As prolonged drought, heat, other climate factors, and population growth trends intensify wildfire risks in the Western U.S., parts of Australia, Europe, South America, Africa and several other industrialized areas of the world, many governments have expanded their precautions to reduce the likelihood or severity of these devastating events, including massive temporary electrical power shutdowns and large-scale evacuations of at-risk residential populations.
The combination of actual wildfires and government preventative measures have made it critical for businesses with operations, suppliers and customers in vulnerable areas to develop comprehensive plans to prepare for and manage power outages and operational shutdowns that can be implemented safely and quickly – especially during seasonal periods when wildfire risks are most severe.
From developing, adjusting and testing a business continuity plan to preparing for and evaluating the impact of potential wildfires, related government-mandated power outages, evacuations and highway closures, business leaders and managers need to assess their potential vulnerabilities to wildfire risk and develop and implement appropriate measures to mitigate them.
Accordingly, here are 10 steps for managing exposures related to wildfires. Note that many of these measures apply to areas where scheduled power outages may occur, but facilities may continue to be occupied and can be operational using alternative or back-up power sources.
1. Review and update your company’s emergency plan. This includes developing any contingencies that might need to be added to account for the evacuation or residential areas where employees with emergency responsibilities may be located. Ensure that personnel with assigned responsibilities will be able to get to the facility in the event of a power outage. Plan for the possibility that some employees with emergency duties may reside in areas being evacuated and won’t be available for work. If possible, choose back-ups who reside in different areas. Double-check that your communication plan is established and that you have up-to-date call trees so employees can be contacted on a timely basis when emergency situations arise.

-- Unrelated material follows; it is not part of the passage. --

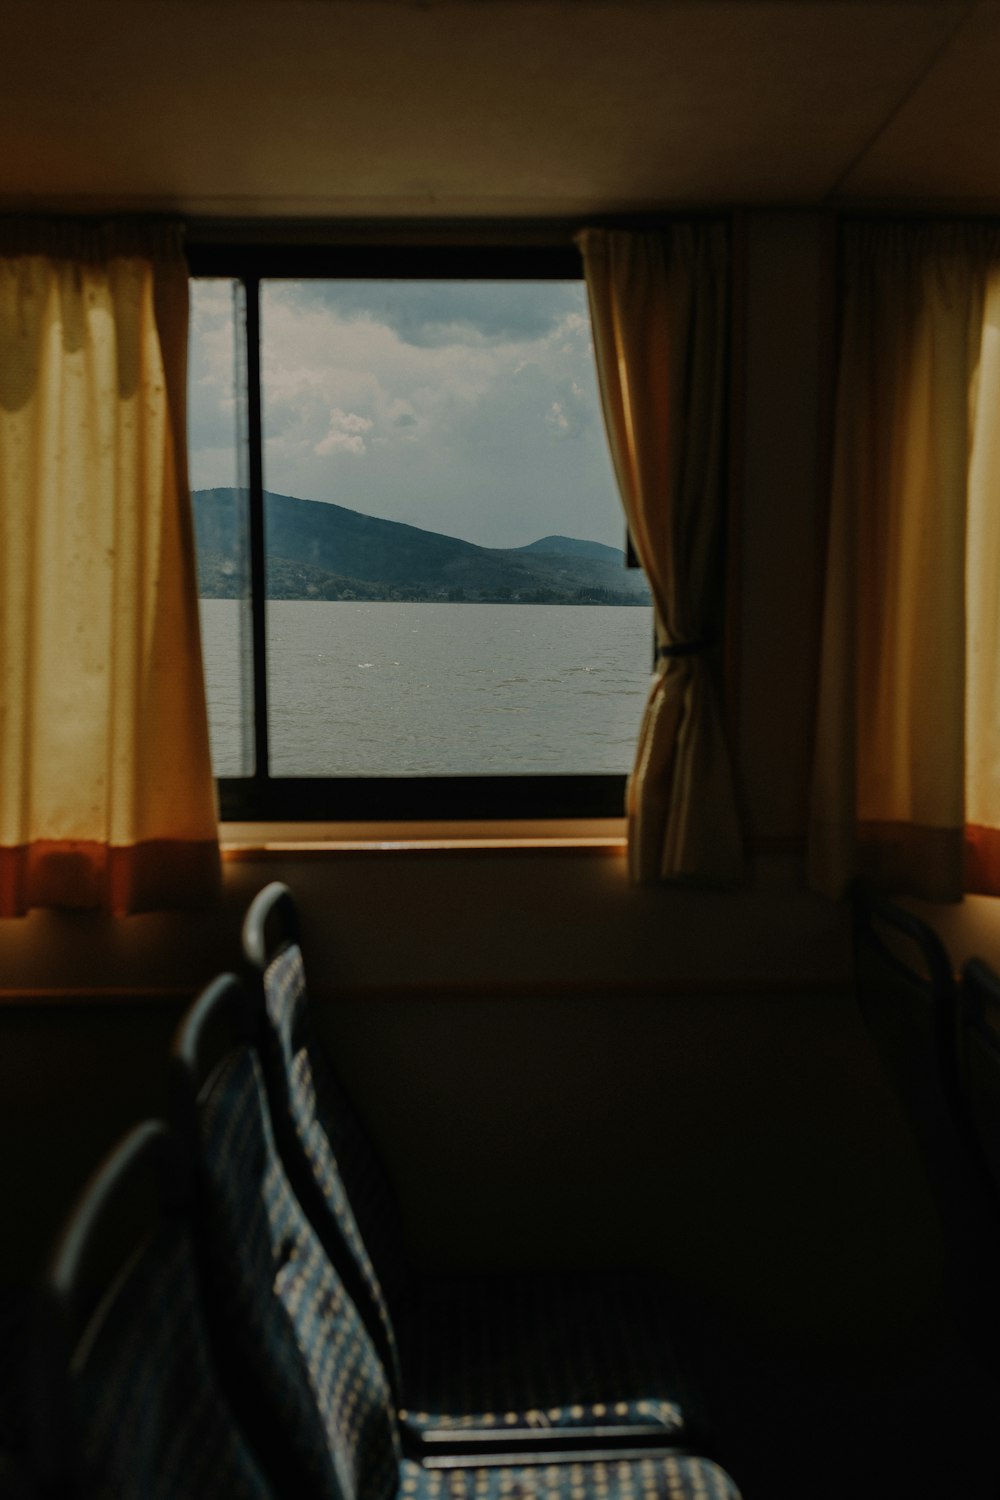 a view of the ocean from a train window

2. Assess power-down procedures. Make sure they are up to date with respect to any new equipment or recent facility expansions or modifications. At the same time, be sure your managers understand the steps for restoring your plant or facility to full operation once power is restored.
3. Check emergency power resources. Start by testing and securing any generators available. In addition, make sure your company has adequate fuel to withstand multiple power outages within certain time periods.
4. Evaluate lighting and equipment. Ensure emergency lighting is operational and that computer systems are backed up and current. During periods of high wildfire threats, such as during extended drought conditions, employees with laptops should be instructed to back-up data on a daily basis and make sure they are fully up to date in the event they need to work off-site for extended periods. In the event of an outage, make sure desktop computers, mainframes, servers, and other critical electrical equipment is switched off, so it will not be adversely impacted when the power is restored. If the facility is to be vacated and time permits, consider removing valuable equipment.
5. Check perishable products and vulnerable inventory. Consider offsite warehousing for any products that may be affected by the loss of temperature or humidity controls. Alternatively, consider using reefer trucks and/or dry ice for maintaining appropriate temperature control to protect inventory and equipment during an outage.
6. Revisit facility security measures. Make sure all doors and windows are secure and consider restricting access to the entire property through the use of perimeter fencing. Keep in mind standard security alarm and access control systems may not be functioning in the event of power outages.
7. Request assistance from law enforcement. Notify local police authorities to request additional patrols and increase internal security rounds (as installed CCTV systems may be inoperable during any power outages that result from mandated, preventive shutdowns or those arising from the spread of wildfires).
8. Establish planned fire watches. Whether for preventive purposes or as a result of damage related to wildfires, any electrical power outage may result in impaired fire protection systems. As practical, businesses should designate a safety team member to conduct an ongoing fire watch during any area of power outages to spot signs of potential exposures as well as other system impairments. In areas where wildfires may be expanding, personnel should also continually monitor the news media for civil instructions regarding potential evacuations.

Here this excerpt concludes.